Выбрать главу

Однако пропаганда и националистическая истерия — одно, а война — совсем другое. Здесь уже не болтают, хотя смеются и шутят. А что поделаешь — жизнь есть жизнь. Словом, утром следующего дня мы выехали на передовую. Первым, кого мы увидели в окопах, были казаки, этот удивительный народ из разных уголков нашей еще недавно могучей державы.

Они мигом проверили наши документы, не позволяя притронуться к фотоаппарату, потом разрешили снимать, чтобы не было видно лица.

— Значит, правильно говорят на том берегу, что вы наемники и приехали сюда сорвать деньги?

Первый казак: “Какой я наемник. Я работал на шахте, получал 20 тысяч, а здесь — полторы. А фотографировать нас не надо потому, что на родине на нас заведены уголовные дела, по семь лет обещают. Вот и судите сами, за что мы воюем”.

— А с кем воюете?

Второй казак: “Если вы видели пленных с того берега, то вам объяснять не надо. Половина из них — сплошь в наколках. Это уголовники с большими сроками. Их направили на передовую, пообещав амнистию или пересмотр дел на условную меру наказания. В штабе есть протоколы допроса и их показания следственным органам. Почитайте. Попадаются, конечно, озверевшие от национализма молдаване. Был и один русский, "афганец". Я у него спрашиваю: ты чего в своих братьев стреляешь? А он: “Куда мне деваться? С работы меня выгнали, жена не работает, двое детей, квартира в Кишиневе. Куда я поеду, если у меня нигде никого нет и денег нет. А здесь мне три штуки платят. И я стреляю, не целясь. Вот только когда в рукопашную, вы уж, братцы, извините…”

Родная мать у меня на Дону. А эта, что шила мне жилетку для рожков и лимонок, — в Дубоссарах, как бы усыновила меня. Одна она живет, ноги у нее больные. Старушка уже. Всю ее родню в войну румыны убили. Она на меня свой дом переписала и сыном называет. Будете в Дубоссарах, зайдите к. бабке Клаве, там вам скажут, где она живет. Поклонитесь от меня, скажите, что живой ее сынок Саша и вернется с победой и славой. А если погибну — еще больше славы, потому что за русский народ и русскую землю…
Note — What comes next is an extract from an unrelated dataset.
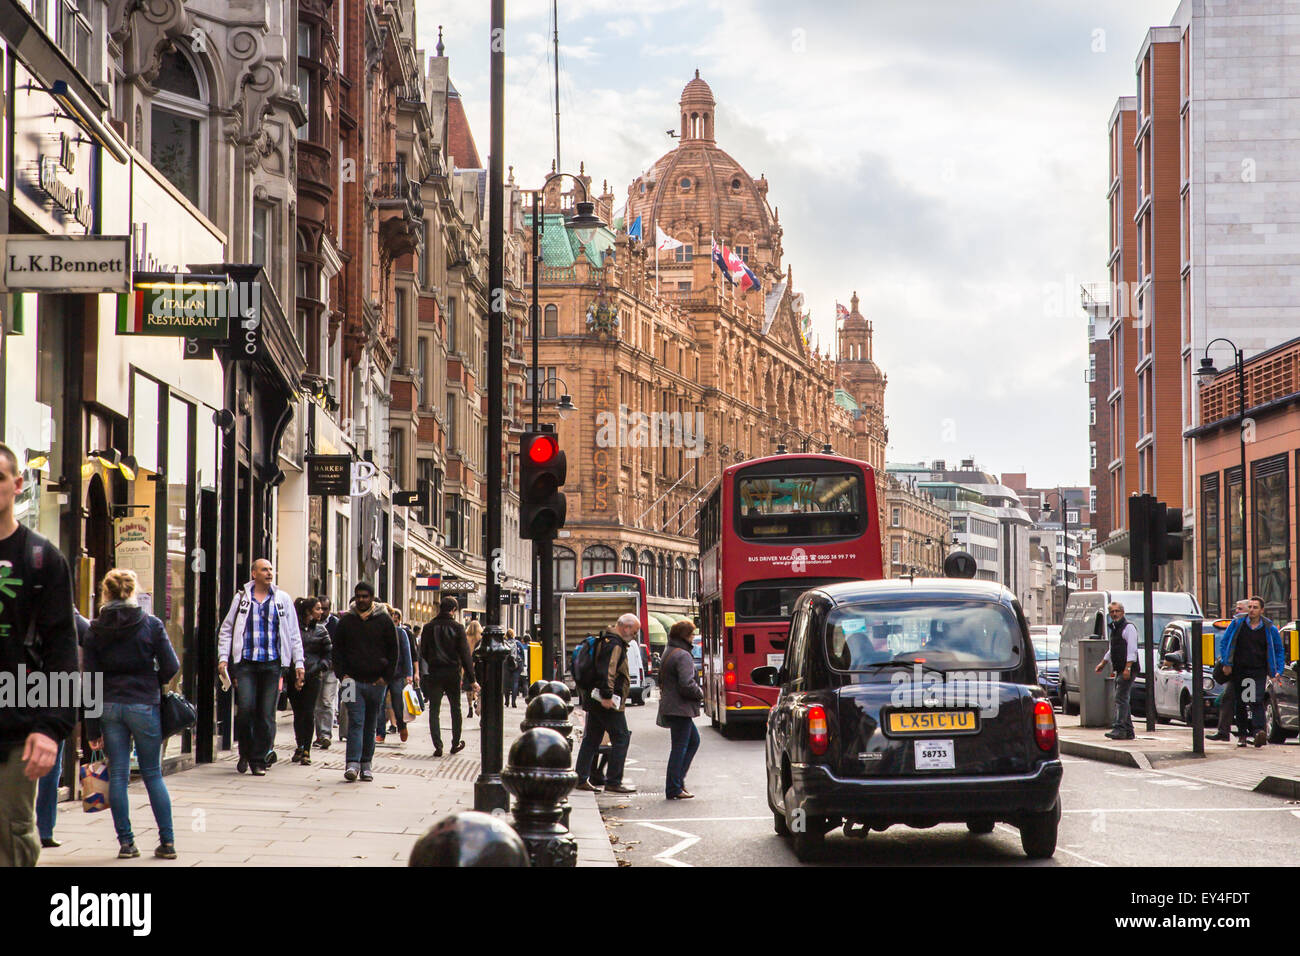 Londres, Royaume-Uni, le 8 octobre 2014 : vue sur la rue de Londres le long occupé Brompton Road à Londres avec Harrods et iconique doub Banque D'Images

— А румыны из-за Прута вам попадались?

Второй казак. "Как распознаешь по мертвому — кишиневский он или бухарестский? Нашли у одного старшего лейтенанта документы на румынском, а Кишинев. говорит, что это новые документы Великой Румынии. О своих потерях они официально процентов на двадцать сообщают. В недавних боях у них около тридцати убитых было, а похоронено пятеро. Значит, остальных увезли в Румынию. У нас есть документальные свидетельства, что туда отправляют гробы.”

Попрощавшись с казаками, мы поехали дальше. Наш водитель рассказывал по дороге:

— Когда опоновцы атаковали полк гражданской обороны 14-й армии, наши “доблестные” военнослужащие и пальцем не пошевелили, хотя кроме нескольких сотен автоматов, румыны захватили в заложники жен и детей офицеров. Что же это за армия, которая ждет приказа: можно ей освободить свои семьи?! У Белого Дома приказа Язова не ждали, хотя там был только вопрос власти. А здесь — жизнь своих детей. Дерьмо, а не люди. Ходят по магазинам в форме, руки в карманах. Я еще удивляюсь, как им люди в морды не плюют…

— Так кто семьи-то отбил?

— Казаки. Несколько человек погибли…

У села Кошница, не доезжая Григориополя, — самый опасный участок. От Днестра до шоссе — километра полтора фруктовый сад. Румыны переправили на левый берег большие силы и окопались в саду, держа под огнем трассу. Они рассчитывают прорвать здесь оборону, чтобы отрезать Дубоссары с Григориополем от Тирасполя. Вдоль дороги, обрамляющей сад, окопы с нашими гвардейцами. Мы попали в пересмену, когда меняли подразделение, отстреливающееся всю ночь по колено в воде. Мужики хмурые, неразговорчивые. От объективов отворачиваются. Но благо, на казачьих позициях к нам присоединился тираспольский фотокор Валерий Кругликов. Он для нас — лучше “Охранной грамоты” ПМР.